Most investors and traders aren’t much interested in catastrophe. They won’t short a vulnerable asset when a crisis is looming… and they won’t buy it just after the crisis… when the asset is very cheap.
This is a shame, but it’s why most people lose in the stock and commodity markets. And it’s why they’re going to miss a big opportunity coming to the copper market soon. Here’s the story…
Put simply, speculators, rather than real demand, account for a great deal of the 120% rally in copper prices over the past 12 months. Many of those “hoarders” are in the People’s Republic of China.
You can read the rest of Matt’s article here
And don’t forget to watch copper as a “must hold” asset for the inflationary bullish case. Copper is an essential ingredient in cars, refrigerators, power lines, and electronics. However the economy is performing – good, bad, ugly – you’ll see it reflected in copper prices. As you can see from the chart below, copper suffered a major decline in late January/early February (1). It has since made an effort to climb back to its old high, which failed (2).
We now have a situation where copper is set up for a classic Vic Sperandeo 1-2-3 trend change, just like the euro experienced in December. If copper turns lower – and blows through its recent low around $2.85 per pound (3) – the E-Z-Credit stimulus boom is withering.
Vic Sperandeo describes the 1-2-3 trend change in his excellent book Trader Vic – which was actually recommended to me by Brian. It’s a great read if you love trading and the markets.
Improvements to the Blog – On the Way!
I’ve been sick of the Blogger platform for some time, and finally have decided to get things moved over to WordPress. Blogger hasn’t improved one bit since I started using it over 4 years ago – unfortunately, typical for a Google acquisition.

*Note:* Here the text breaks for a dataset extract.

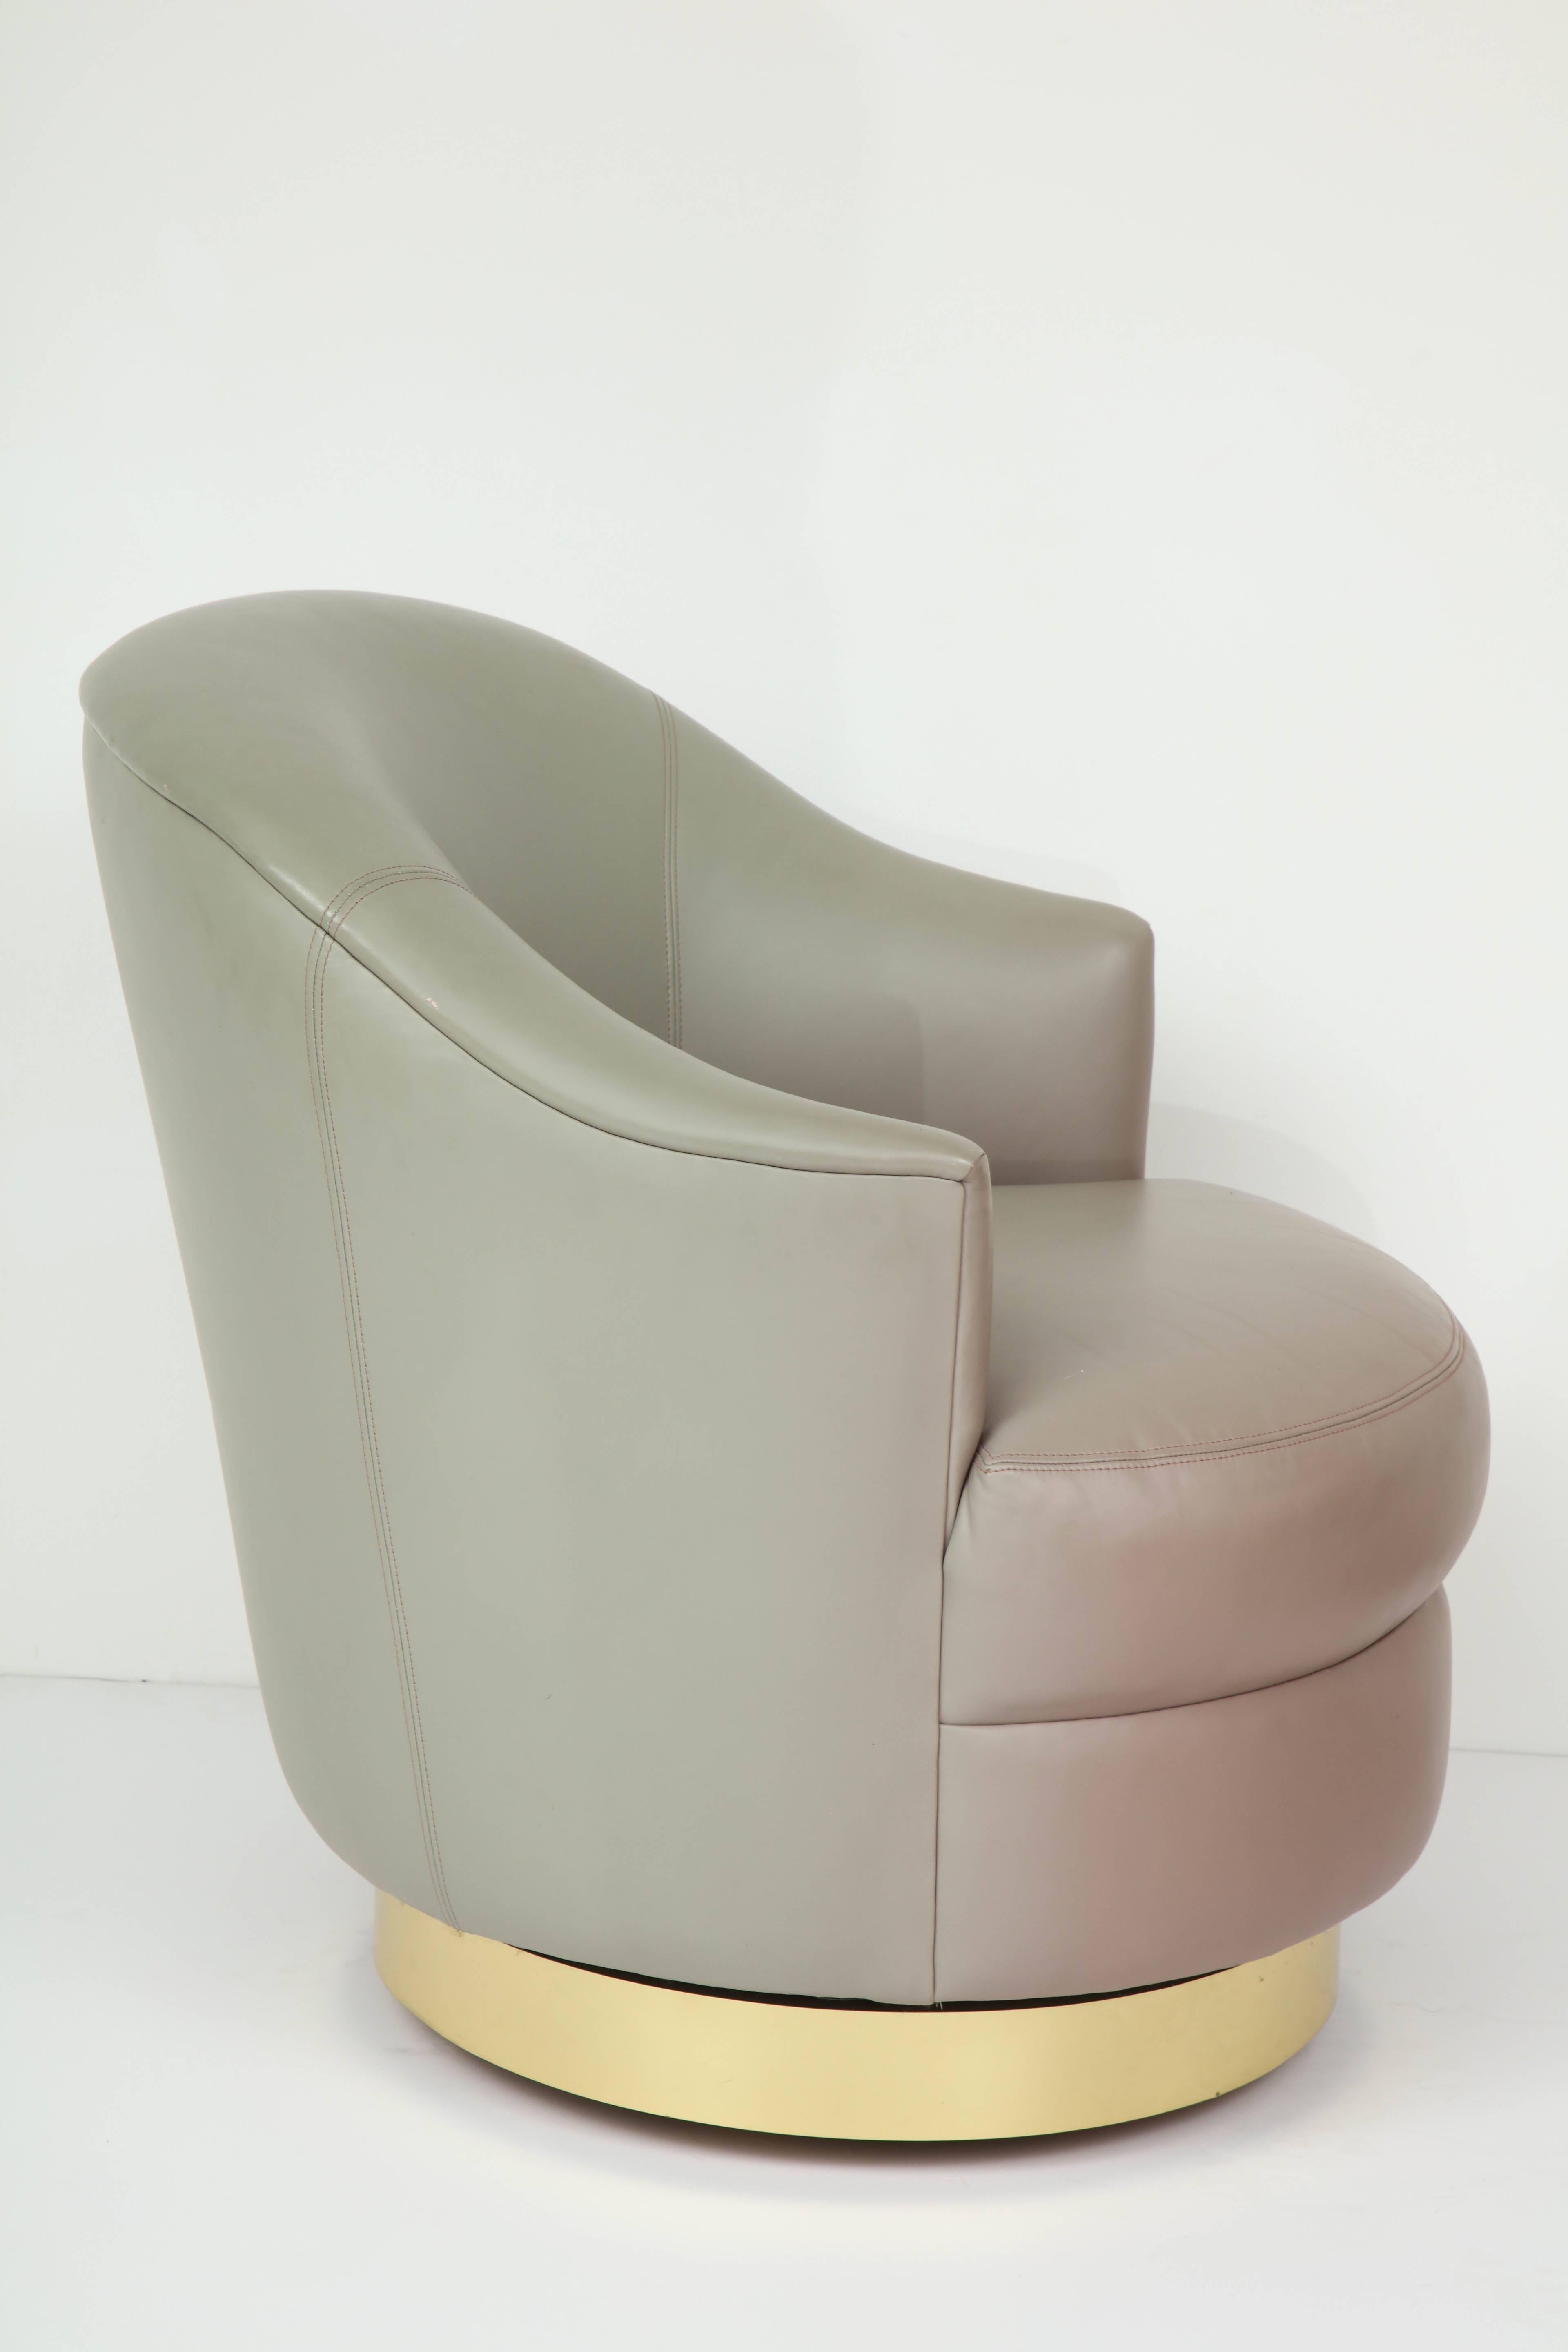 American Gray Ombre Leather Chair by Steve Chase For Sale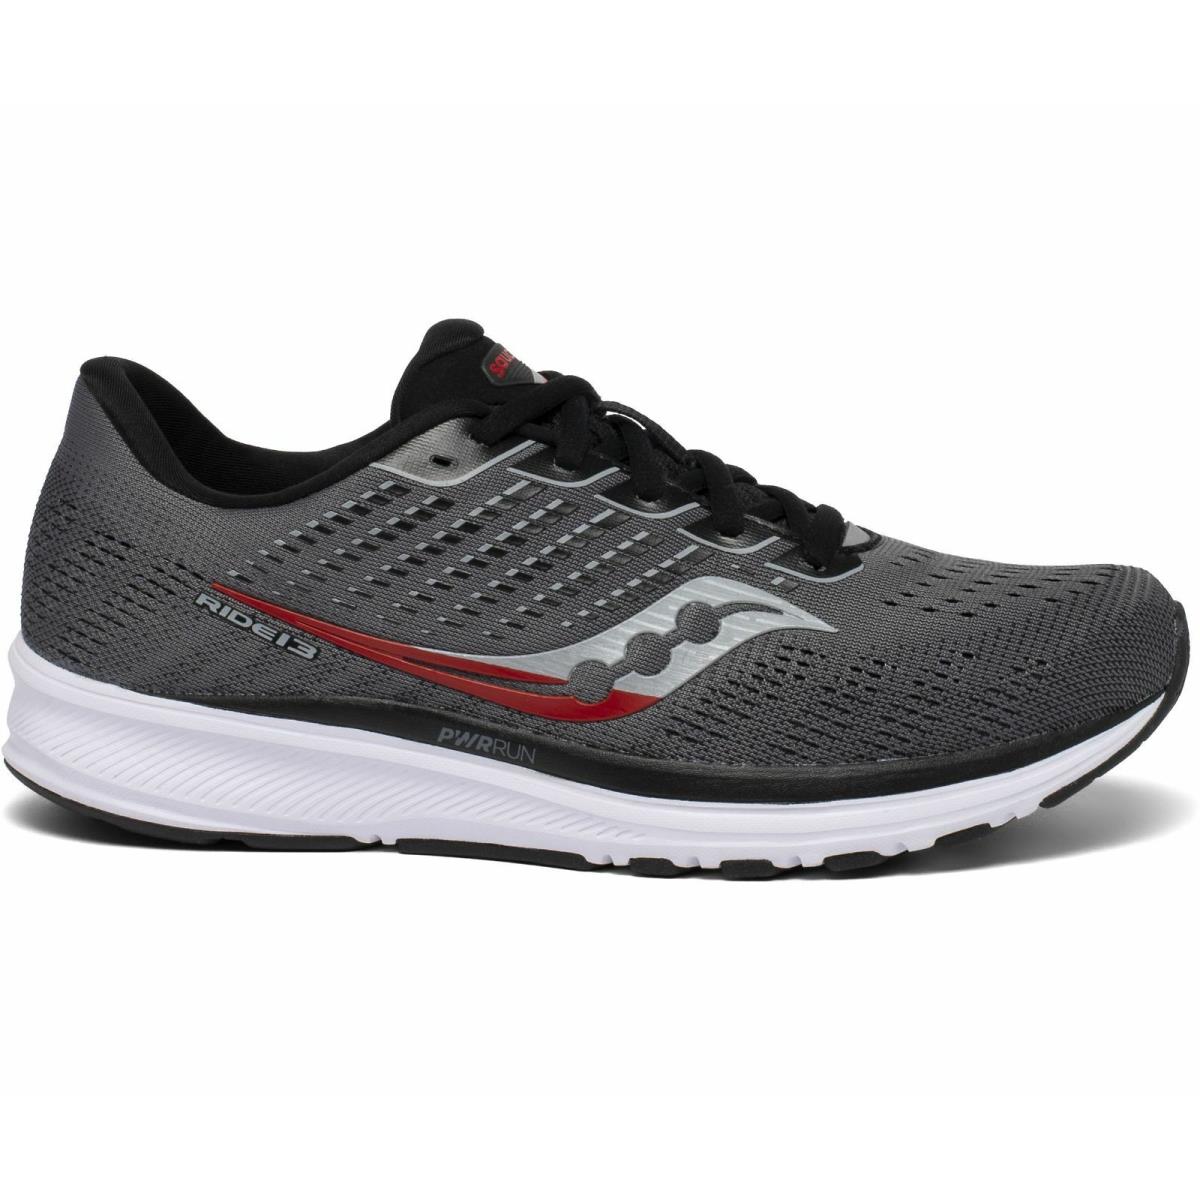 Saucony Ride 13 Running Shoes Mens 8.5 Wide Charcoal/black

Stay tuned for details. Also, feedback and suggestions are also very welcome (you can email me at brett(at)commoditybullmarket(dot)com).
My Trading Activity – Still Short the S&P (Twice)
Still short baby – I have to admit, I didn’t think we’d see the S&P north of 1100 again, nor did I think that second short position would ever be underwater.
It was tempting to cover one with the S&P at 1050, but I still believe the overall trend has changed – so in a bear market, you want to short the rallies, not cover on the drops.
For what it’s worth, I think this is an excellent time to get short. I could be wrong – certainly wouldn’t be the first time – but the risk/reward of a short position here appears very attractive to me.
Still double short the S&P.
How much longer can the S&P continue to defy gravity?
Have a great rest of the week in the markets! Comments are always welcome and very much appreciated.